Ironic, isn't it, that I've developed such an expertise in technology standards such as SCORM when they are mostly used for traditional content-centric, teach then test trite content that hinders rather than fosters creativity and innovation? Those are only tools though. The great education comes not from teacher-proof or trainer-proof curriculum and tools -- the question becomes, how can great teachers, trainers, coaches and mentors make this stuff work for them? Not as the only tool, not as the only hammer, but as a useful part of the toolkit that any innovator can use to help foster whole person learning, and along with that the creativity and innovation that lead to true performance. "The problem in education is not that we aim too high and fail, but that we aim too low and succeed."
Comments:
Those interested in creativity, education and educational change might also be interested in this new book, "Education is Everybody's Business: A Wake-Up Call to Advocates of Educational Change" (Rowman & Littlefield Education). It's by educator Berenice Bleedorn ( http://www.creativityforce.com ), who was the gifted consultant for the Minnesota State Department of Education, a professor of creativity in both the business and education schools at the University of St. Thomas, has taught creativity to inmates in the state prison, and writes and speaks about creativity throughout the world.

This book really makes the case for the deliberate teaching of thinking - creative and critical - in education. It also links the importance of education to a thriving democracy. A great idea in the book is that "democracy deserves the best thinking possible" - which offers a great place to begin one's thinking about any number of political issues in the world today. Some other good quotes from the book include:

* Children and youth are all much smarter than we think. They are smarter than the standardized test scores tell us. They have a longer tomorrow than adults, and most of them think about it more than we realize. Students have a right to understand what is happening to the world that they are inheriting.
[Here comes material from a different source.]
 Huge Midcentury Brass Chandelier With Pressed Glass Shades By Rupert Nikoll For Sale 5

* The hope is that educational programs will become better designed to make the best possible use of the natural power of the human mind to grow and develop and to be significantly active in service to a cause beyond oneself.
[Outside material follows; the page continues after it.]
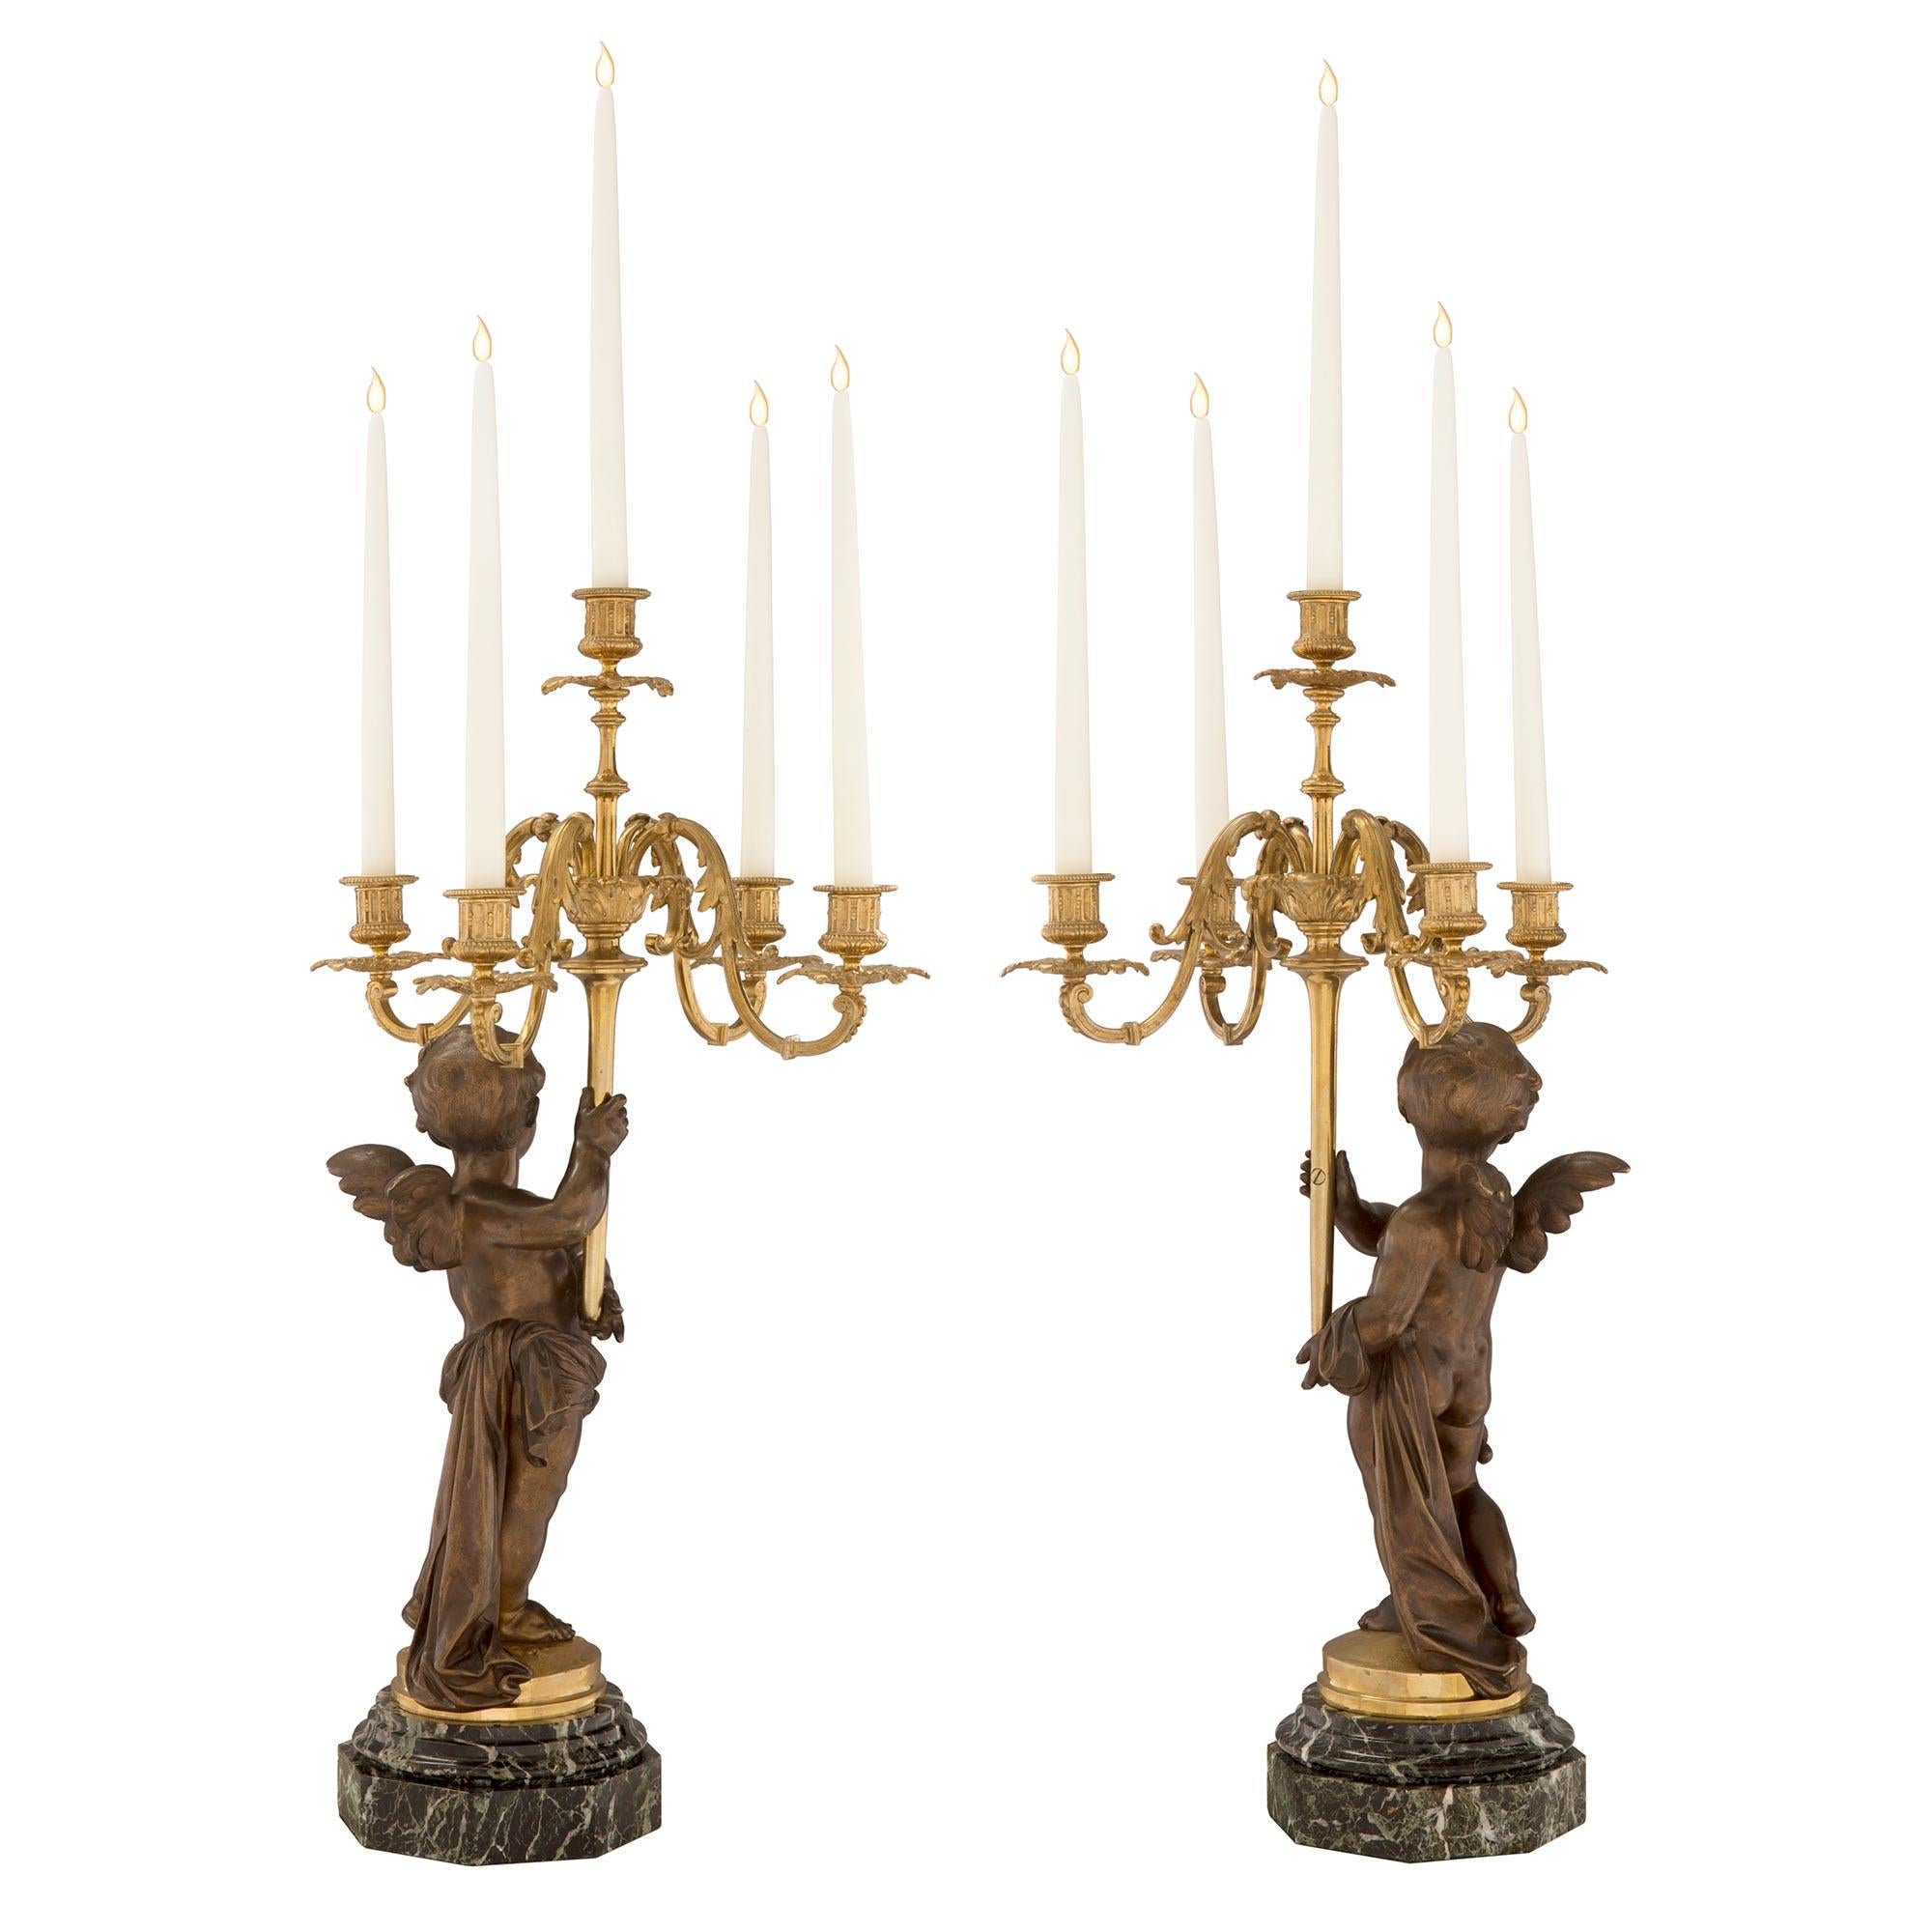 Patinated Pair of French 19th Century Louis XVI Style Winged Cherub Candelabras For Sale

* There are no limits to the intellectual resource of the human mind when it is provided with an atmosphere for personal growth.
* The idea that `Creativity=Capital' is not a facetious one. The capacity of the human mind for creativity and innovation is unlimited. Harvesting the creativity in a business translates to money in the bank.
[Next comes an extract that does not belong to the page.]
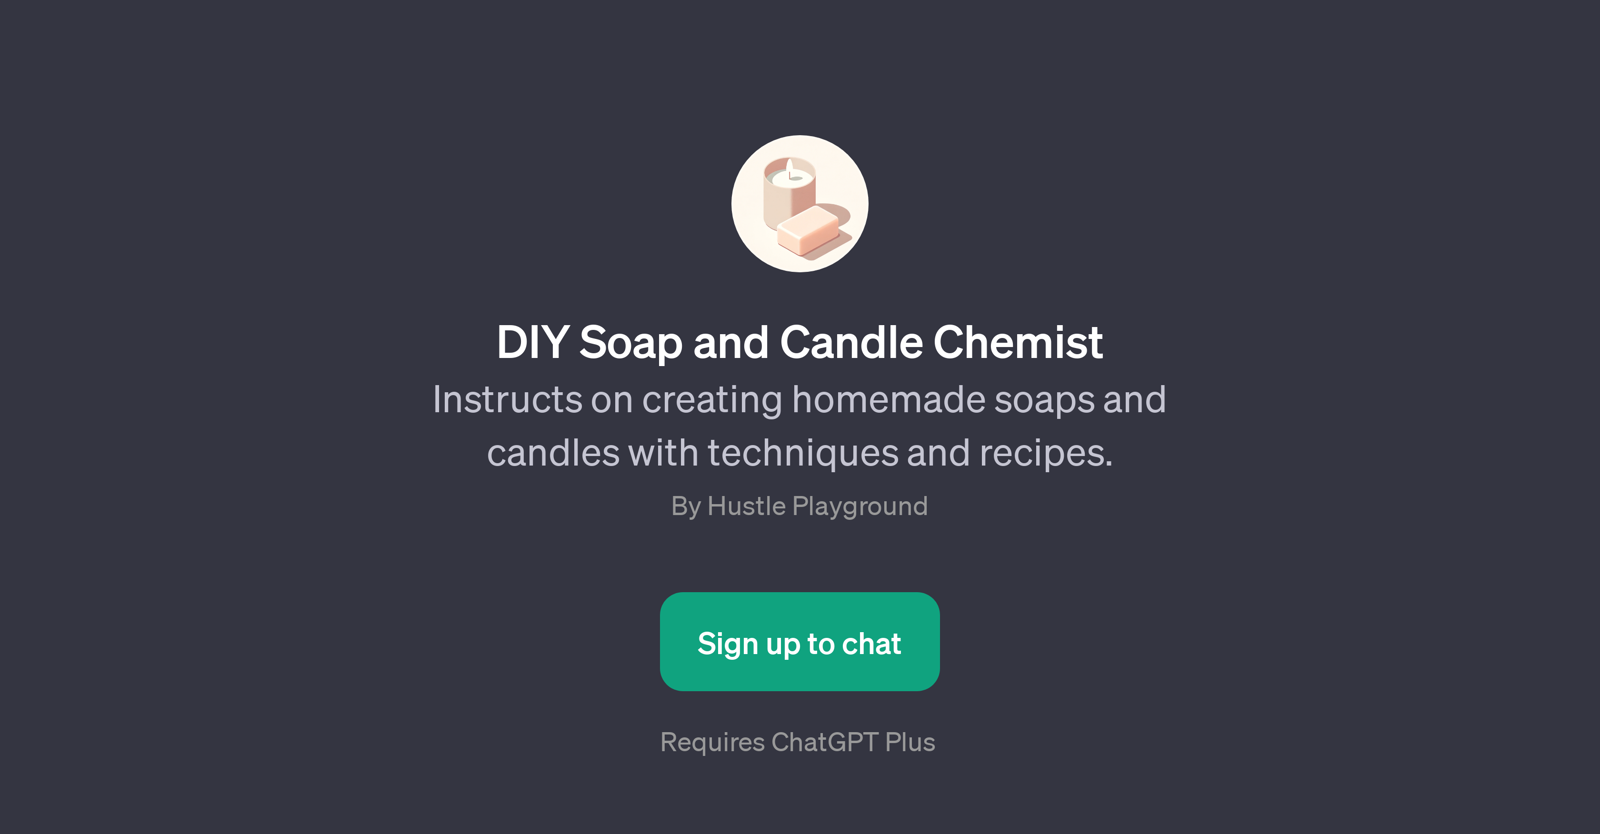 DIY Soap and Candle Chemist website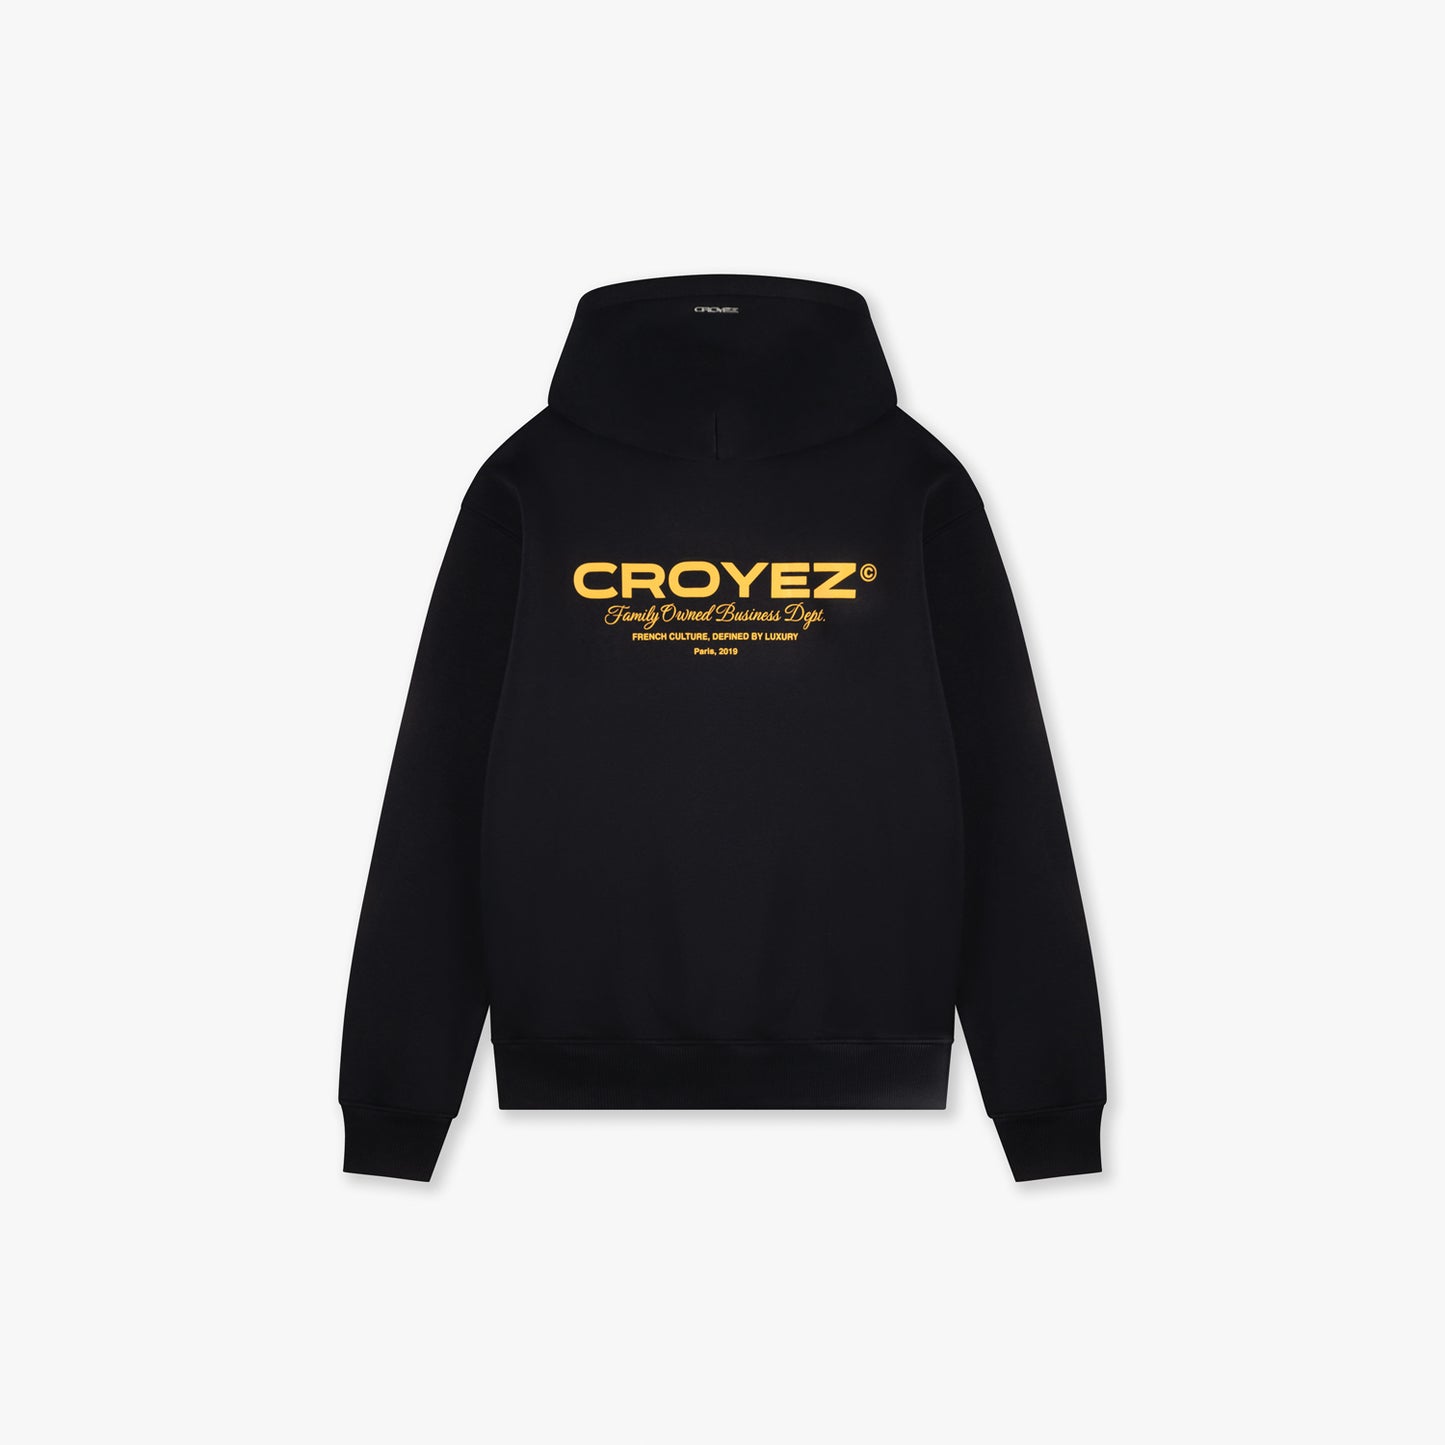 CROYEZ FAMILY OWNED BUSINESS HOODIE - BLACK/YELLOW

* Creative thinking can be taught if learners can practice the art of being serious and playful at the same time.
* The educational problem of a disparity between average achievement scores of white students and black students may have some of its origin in the nature of schooling that neglects programs that identify creative talent and fails to provide for its appropriate expression in problem solving and other creative thinking activities.
* Educators have not only an opportunity but an obligation to open the "doors of perception" for all students. The enduring purpose of education is to provide students with a perception of the outer reaches of their talents and possibilities and, ideally, to give them a reason to continue to learn and contribute to their society for all of their lives.
* The mandate is undeniable. The future of the environment can be guaranteed only with the determined effort of all the players in the world drama in every society, and there is no time to lose. It is a perfect project for the integration of schools and society, the community and the education profession. It is a time for personal action and resolve.
* Initiatives from concerned citizens and business interests have a vital place in developing educational outcomes that can be competitive with the rest of the developing world and can continue to contribute to a better life for all.
* Paradoxical thinking is a prerequisite for a society and world steeped in a diversity of cultures, religions and ideologies if we ever hope to achieve a more sane and peaceful world. If complex thinking were taught, practiced and modeled during the process of education everywhere, the people of the world would understand more and fight less.